予想をはるかに上回るレヴェルの高さにかなりびっくらこいた。グロテスクだけど、どこか煌めく絵画の断片を次々と見せられるような感じで、文章自体はなんとなく埴谷雄高に近いものを感じた。ストーリーは一応あるんだけど、その破滅的なイメージの連続がとにかく凄まじく(グリューネヴァルトの聖アントニウスの誘惑がずっと思い浮かんでた)、って俺の読書の好みが偏りすぎていつもこんなことを言っている気がしてきたんだけど、デビューが大学生だったってのも含めて、日本文学史の一事件として語り継がれるべき人でないかと思った。一部の読者向けの本かもしれないけど、それでは日本の遺産としてもったいない。これを原語で読める身分の自分の環境を感謝したい、と思うほど(少々大袈裟)。
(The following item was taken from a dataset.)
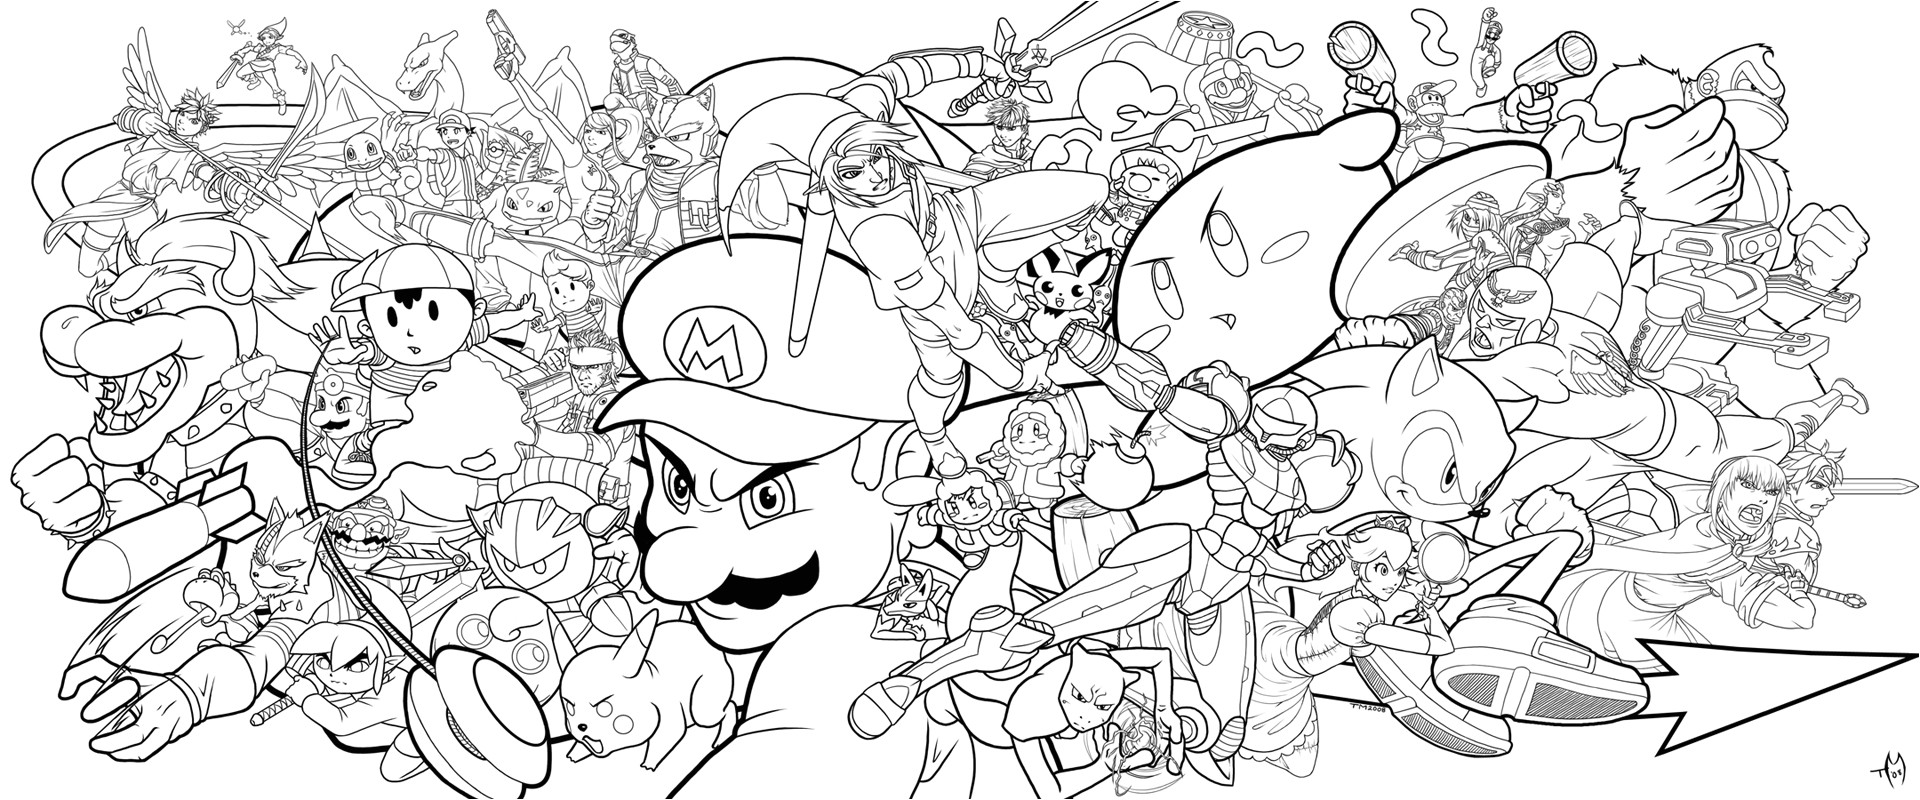 Coloriage Super Smash Bros Brawl Super Smash Bros Brawl Coloring Pages

んで、これはいくら高かろうが買うべきだと思い、後ろ髪引かれながら本を閉じ、amazonで購入しようと思うも、9,240円となるとやっぱ高くて躊躇して、カートに入れられず。エフェクター壊れたから買わなきゃいけないし、先月いっぱい買い物したカードの引き落としがあるし、図書館行けばただで読める本に9,420円。うーん。他の作品も流し読みしたんだけど、「夢の住む街」以上のインパクトはなさそうだったし・・・。と、ここ数日煩悶しております。CDも3,000円を超えると躊躇してしまうように、本は5,000円を超えると、金銭感覚のリミッターが作動。ちなみにエフェクターは30,000円くらいでリミッター作動。お金はそんなに好きではないのだけど、お金のことで何かを心配しなければいけないことが嫌だ。TOTOの次節を当てて買ってみせる。シュルツ先生、俺に神のお恵みを。もし、誰か買っていらなくなったら売ってくれ。